La tradition historiographique conçoit généralement l'oeuvre de Hume comme le point
culminant d'une sorte d'école philosophique, arbitrairement appelée « empirisme » et née au XVIIe
siècle avec Francis Bacon, école dont l'unité semble tenir simplement à une attitude de réserve vis-
à-vis de la spéculation métaphysique, plus qu'à une véritable homogénéité conceptuelle. Cette
attitude est celle de John Locke dans l'Essay concerning human understanding, celle de George
Berkeley dans les Principles of Human Knowledge, celle de David Hume dans son Treatise, et
concilie à la fois les principes conceptuels sur lesquels elle se fonde, et la méthode qu'elle préconise
et entend suivre : l'investigation critique, établie sur le constat empirique.
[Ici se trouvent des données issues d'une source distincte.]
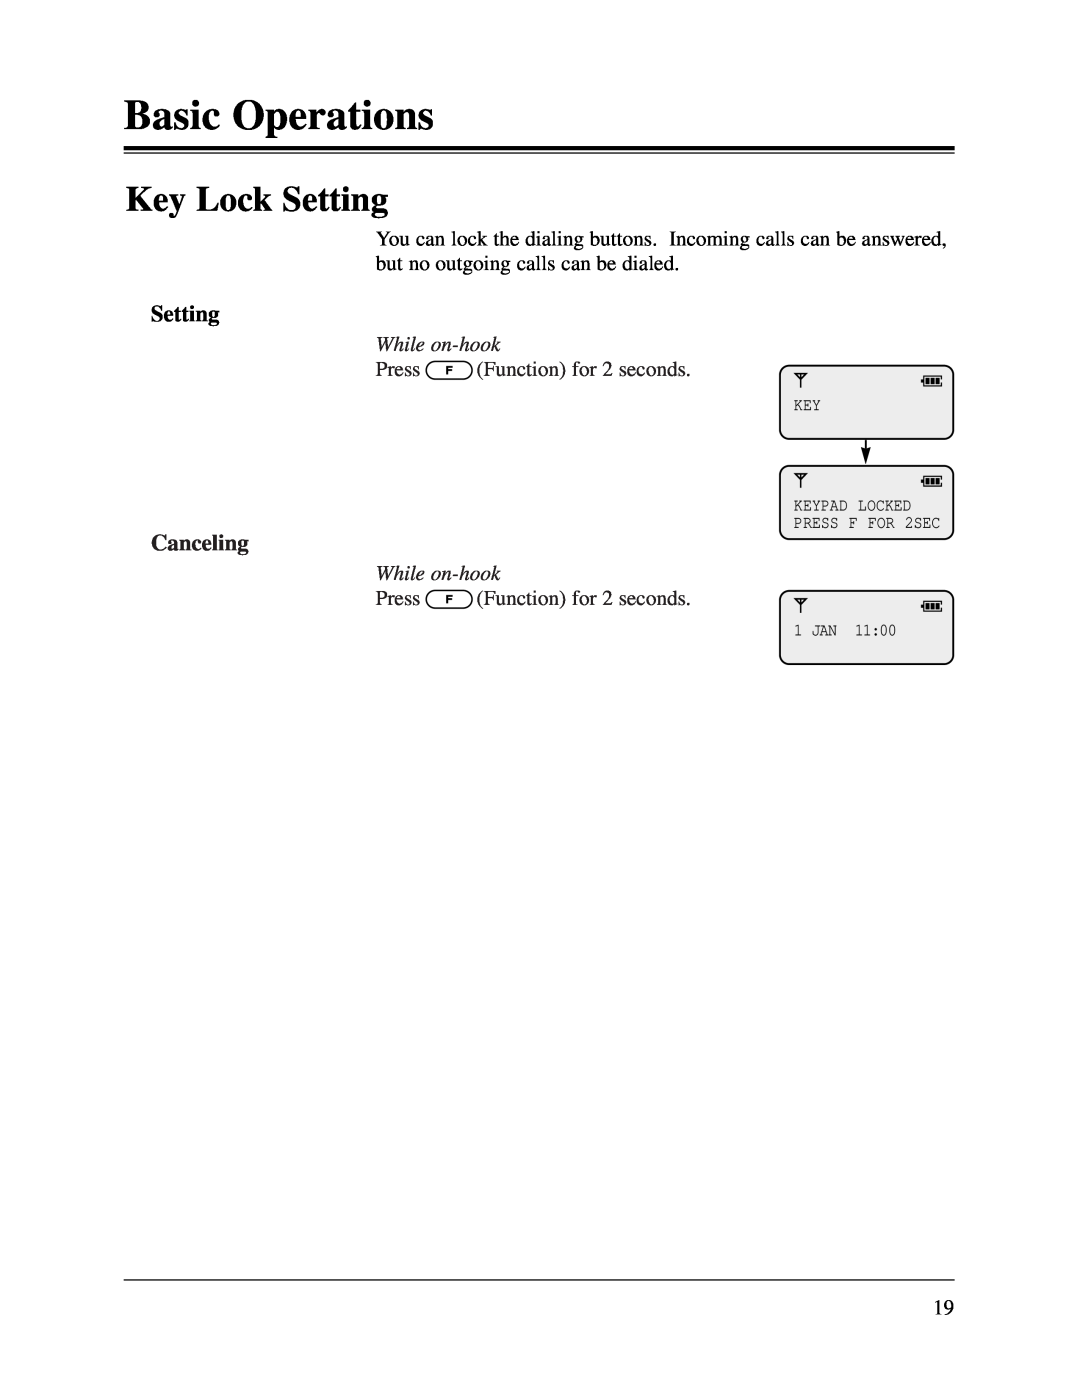 Panasonic KX-TD816CE Key Lock Setting, Canceling, While on-hook, Basic Operations, KEY KEYPAD LOCKED PRESS F FOR 2SEC

Il est évident que le terme
de « critique » à proprement parler n'est pas revendiqué par les auteurs, et il semble même
anachronique de parler de « critique » avant la naissance de la philosophie transcendantale
kantienne ; mais l'exposé de leur démarche contient un champ lexical caractéristique de cette
injonction critique, si bien qu'aucun autre mot ne conviendrait mieux pour désigner de manière
explicite leur attitude. L'introduction de l'Essai philosophique concernant l'entendement humain de
Locke est en ce sens éloquente :
1 - Kant, Anthropologie du point de vue pragmatique, Préface, p. 83 (trad. Michel Foucault).
2 - Hume, THN, p. 43. « [...] one of the objects, concerning which we reason ».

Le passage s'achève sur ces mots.